## Records to use:
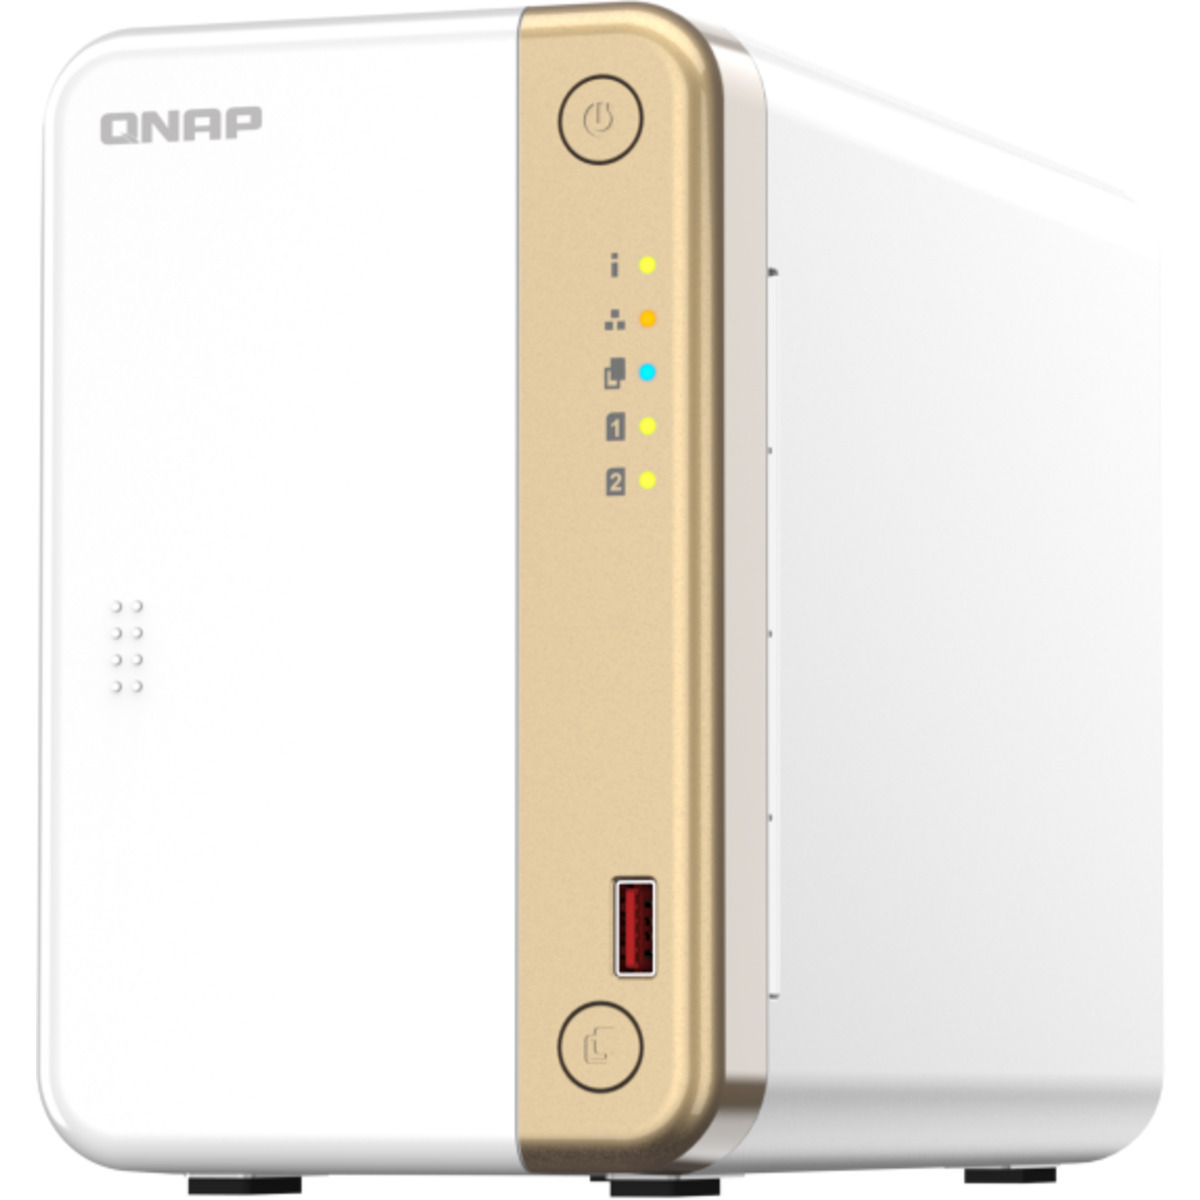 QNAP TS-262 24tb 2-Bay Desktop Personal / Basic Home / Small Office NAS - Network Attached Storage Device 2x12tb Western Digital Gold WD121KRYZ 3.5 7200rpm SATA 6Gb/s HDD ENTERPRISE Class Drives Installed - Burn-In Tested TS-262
* * *
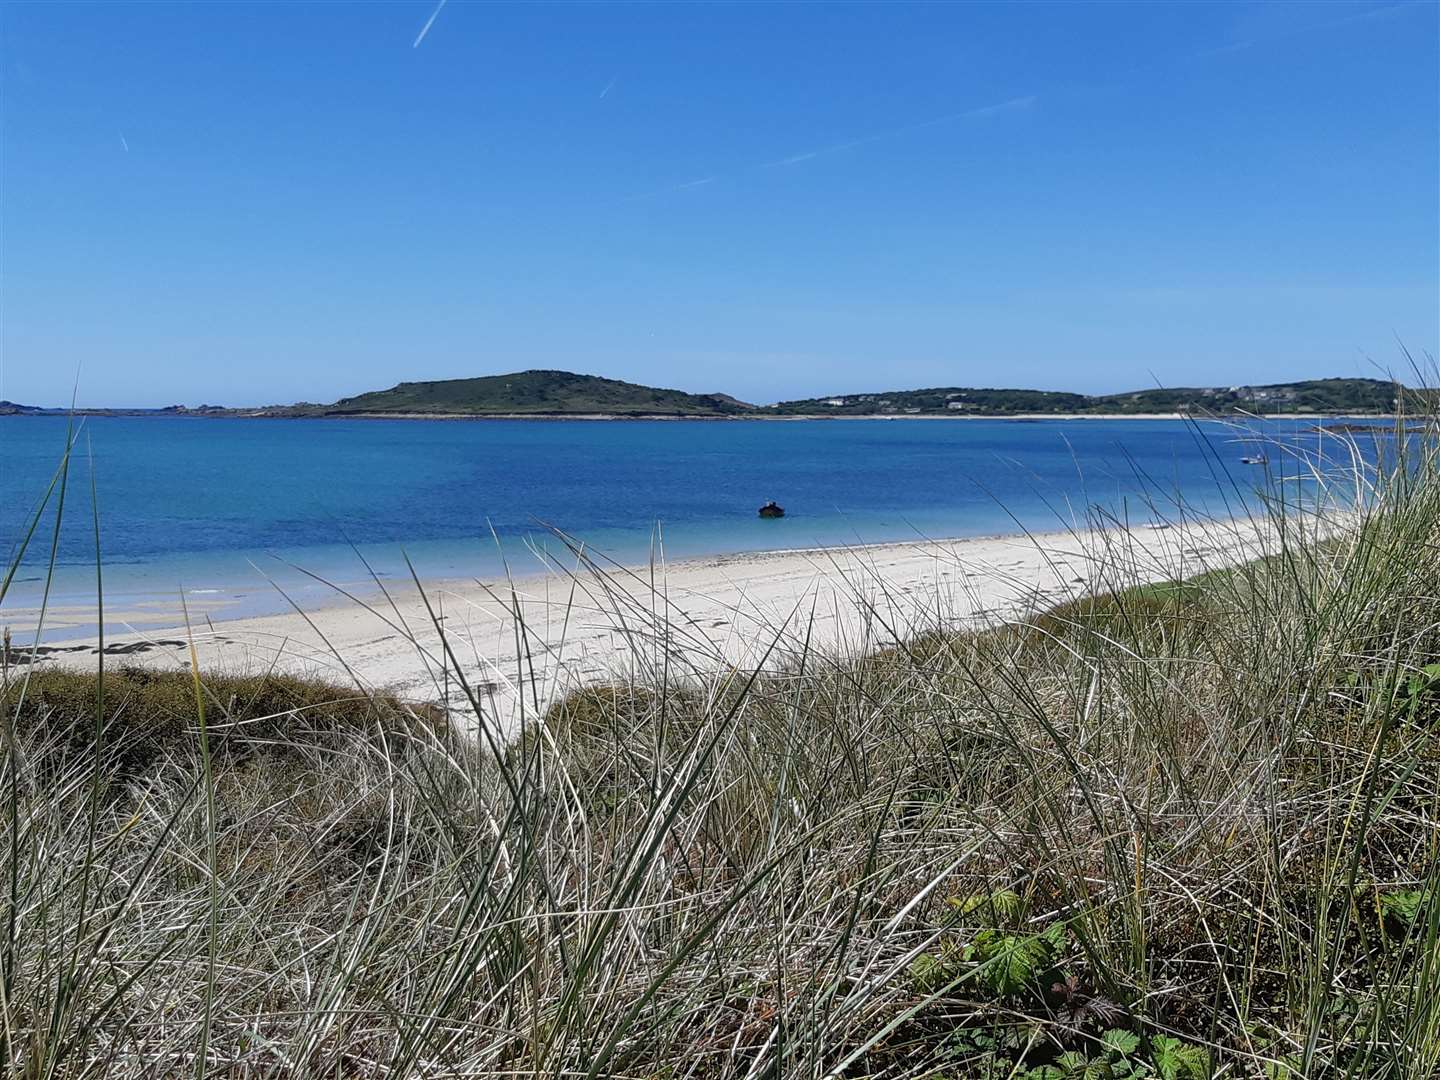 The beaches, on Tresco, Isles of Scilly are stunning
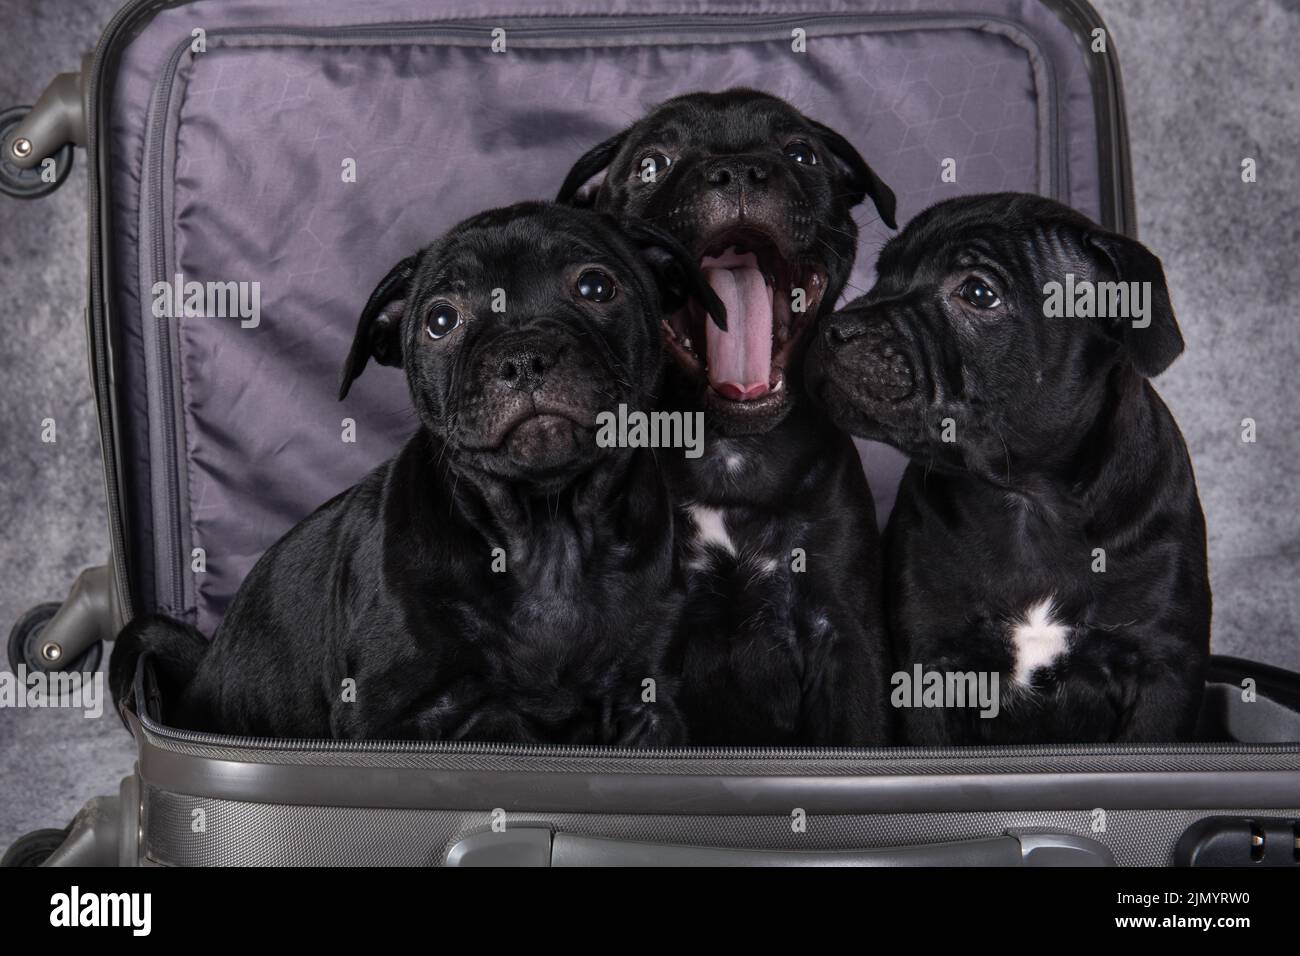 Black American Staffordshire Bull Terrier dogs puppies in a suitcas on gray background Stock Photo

## Exercise description:
Because only one stretch of the records is wanted, please output the lines from the one holding "The beaches, on" through the one holding "Black American Staffordshire" exactly, both included, and leave every picture out.

## Solution for this exercise:
 The beaches, on Tresco, Isles of Scilly are stunning
 Black American Staffordshire Bull Terrier dogs puppies in a suitcas on gray background Stock Photo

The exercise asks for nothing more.